[Records contained in a dataset]
+ + + +

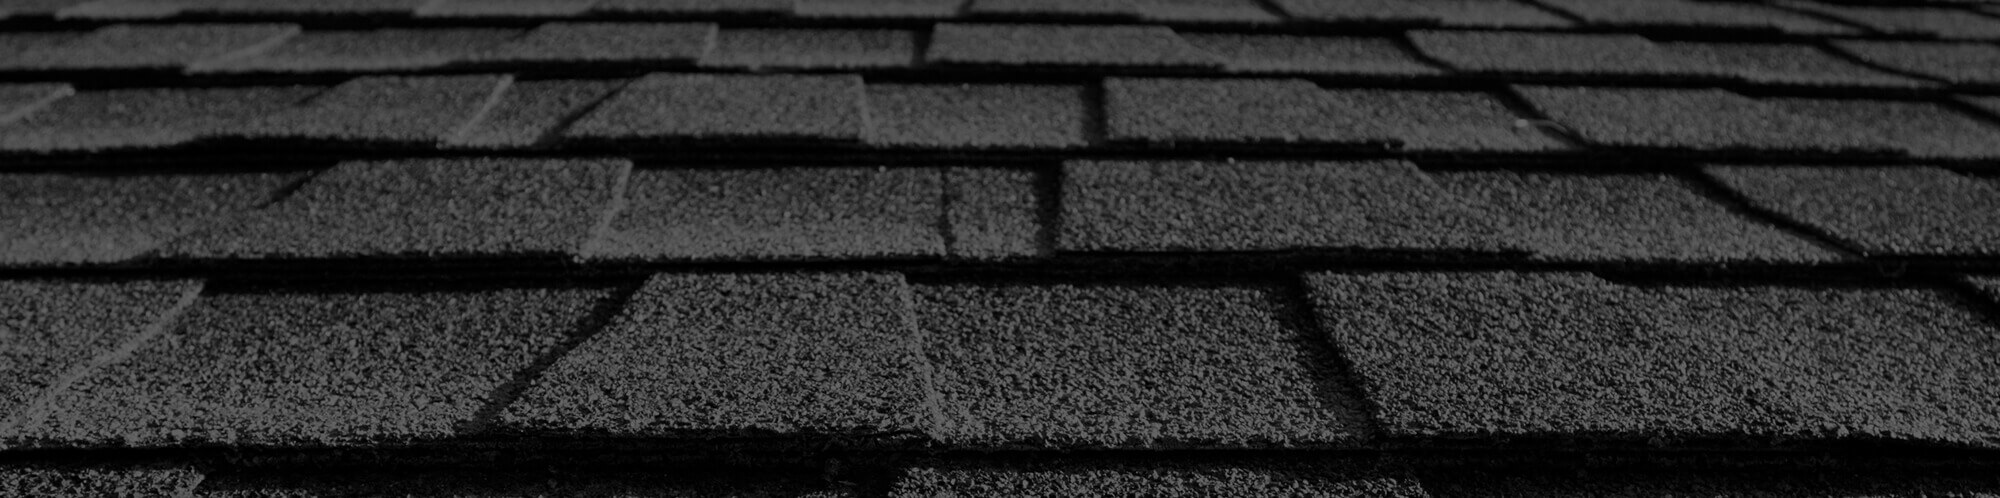 Roofing contractors repair asphalt shingles
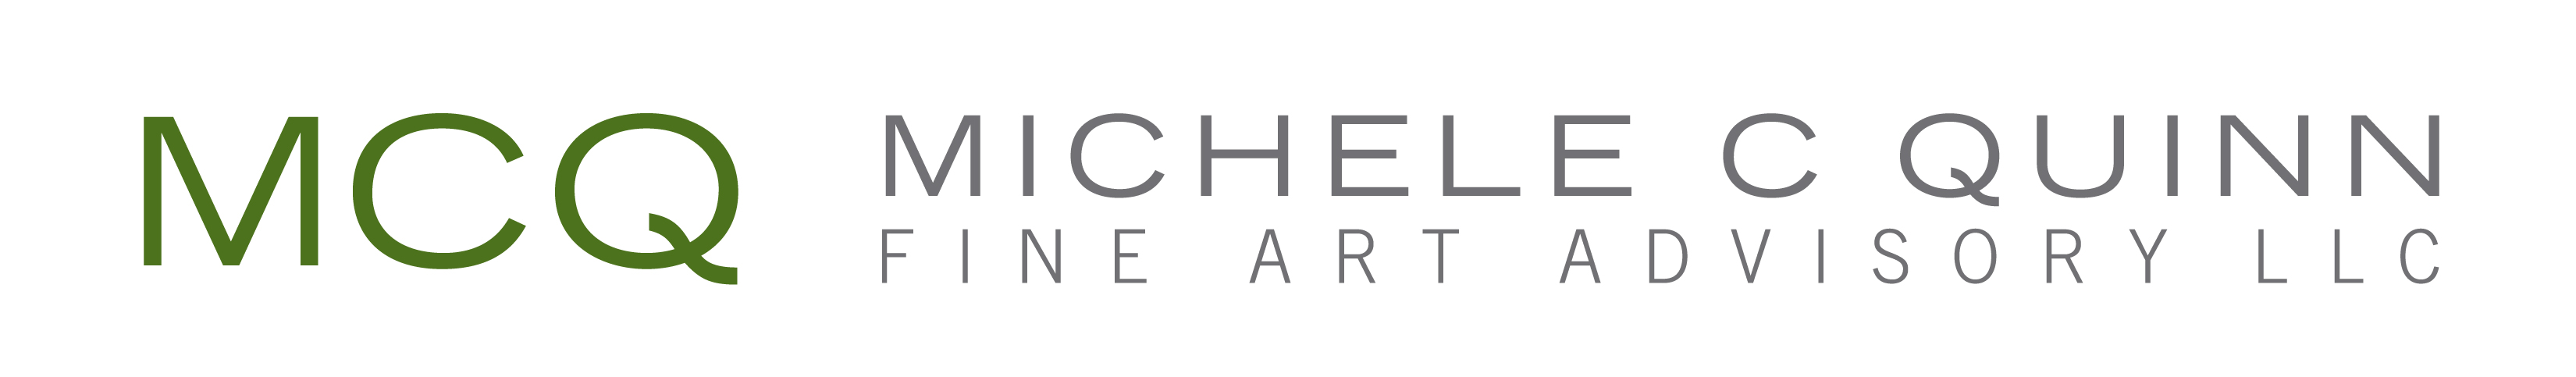 Michele C Quinn Fine Art Advisory, LLC
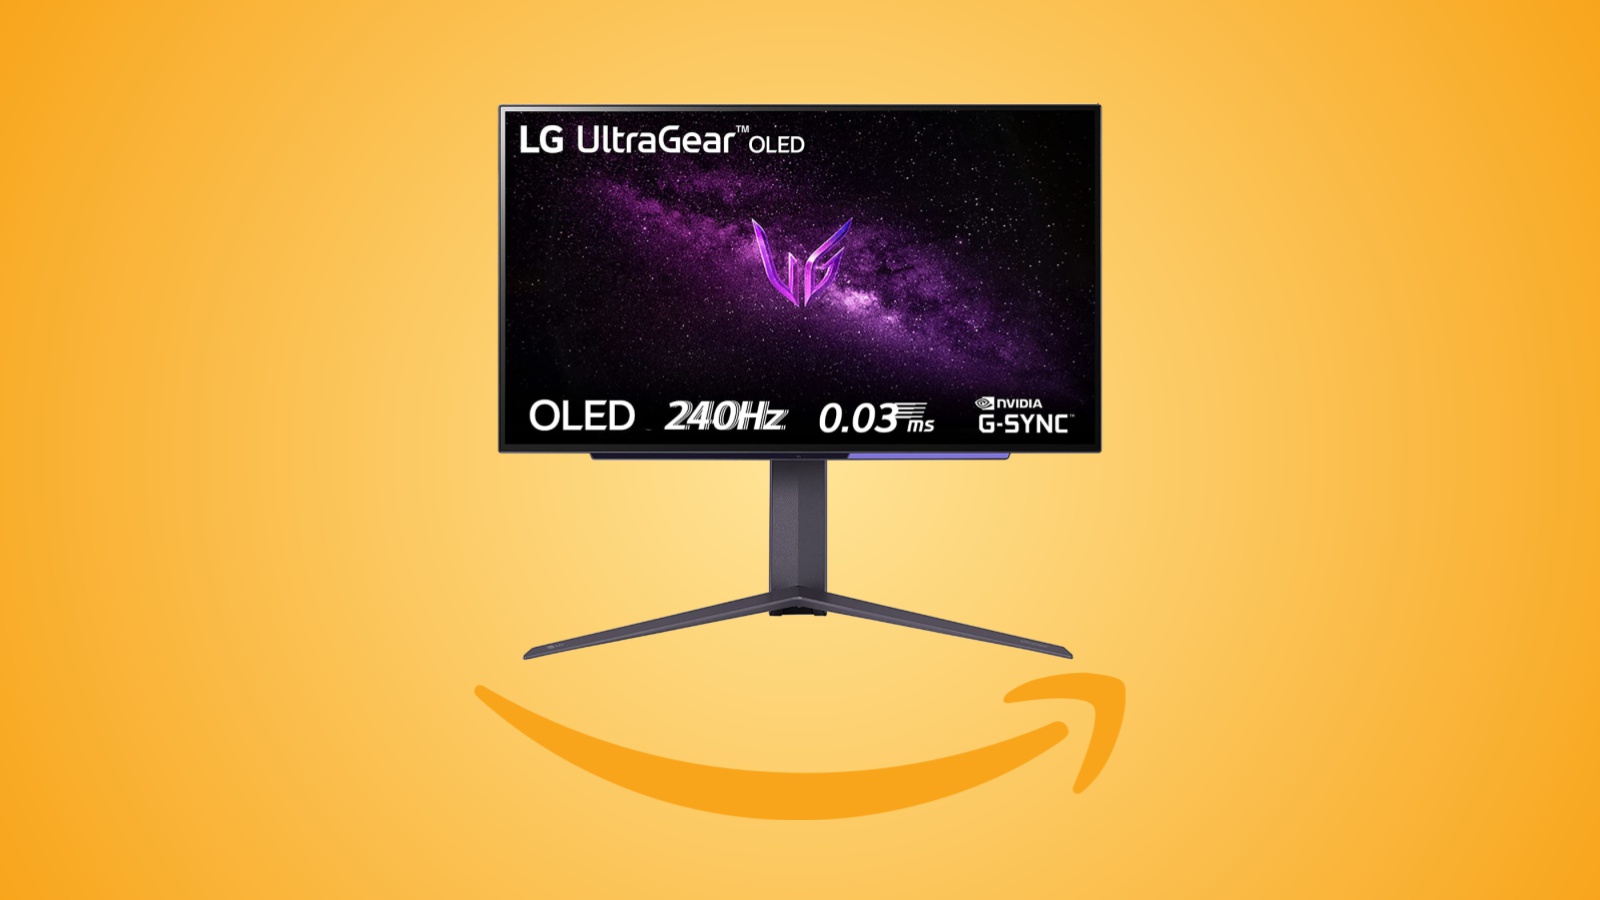 Offerte Amazon: monitor LG UltraGear Gaming OLED a 1440p/240 Hz in forte sconto al minimo storico
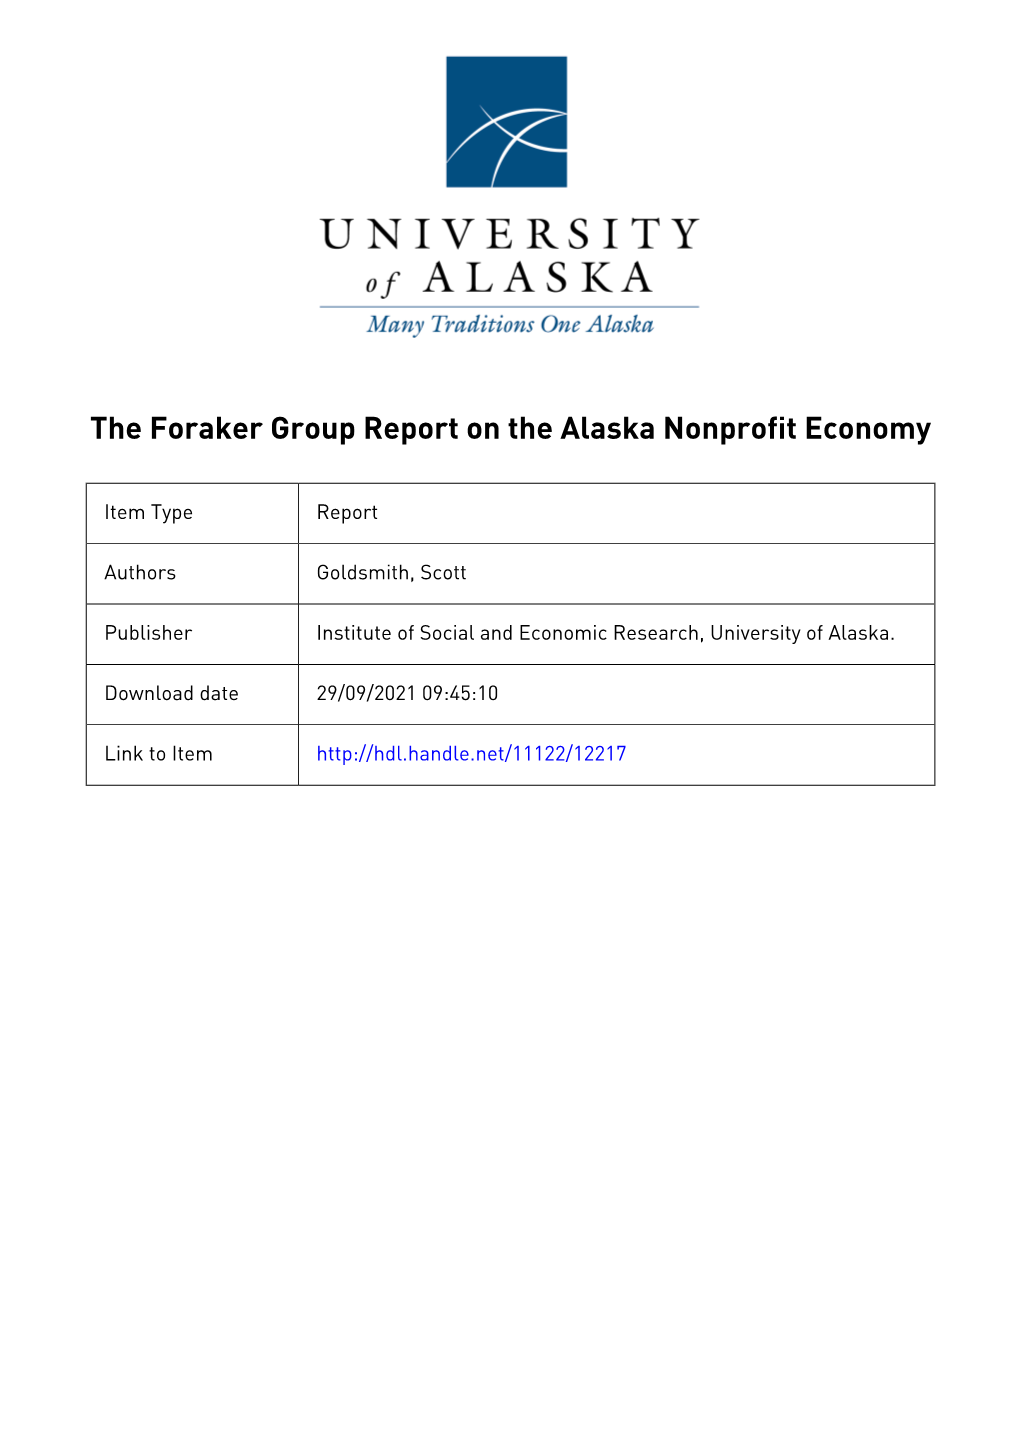 The Foraker Group Report on the Alaska Nonprofit Economy Appendix
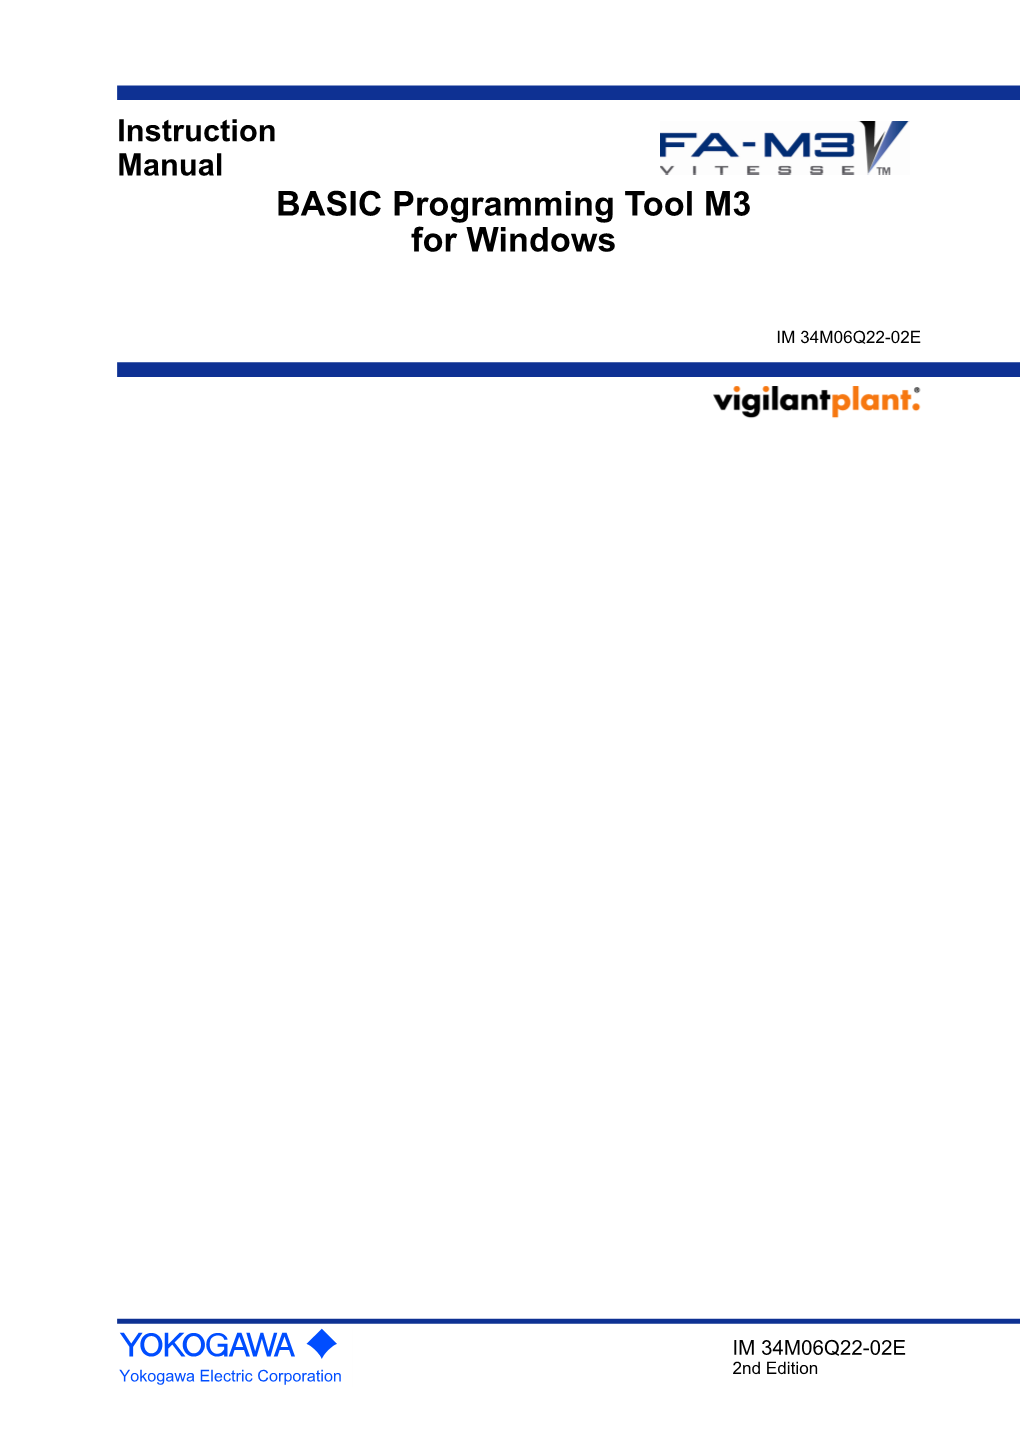 BASIC Programming Tool M3 for Windows
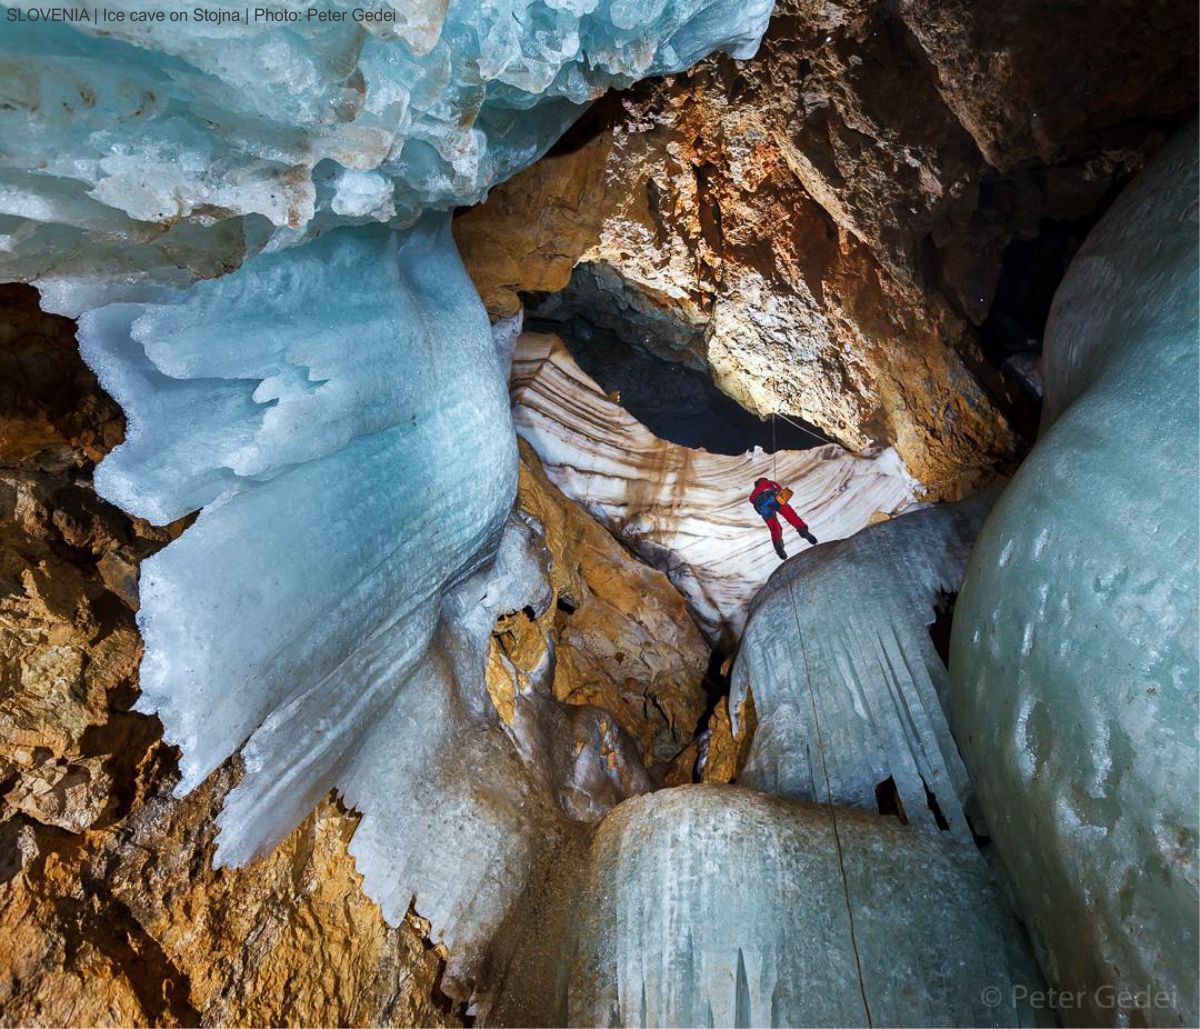 2016-11-05 SLOVENIA - Ice cave on Stojna - Peter Gedei

+ + + +

Problem details:
Extract precisely the lines beginning at the line containing "Michele C Quinn Fine Art Advisory, LLC" and ending at the last line of the entries above, exactly as written and with no pictures.

Task response:
 Michele C Quinn Fine Art Advisory, LLC
 Offerte Amazon: monitor LG UltraGear Gaming OLED a 1440p/240 Hz in forte sconto al minimo storico
 The Foraker Group Report on the Alaska Nonprofit Economy Appendix
 BASIC Programming Tool M3 for Windows
 2016-11-05 SLOVENIA - Ice cave on Stojna - Peter Gedei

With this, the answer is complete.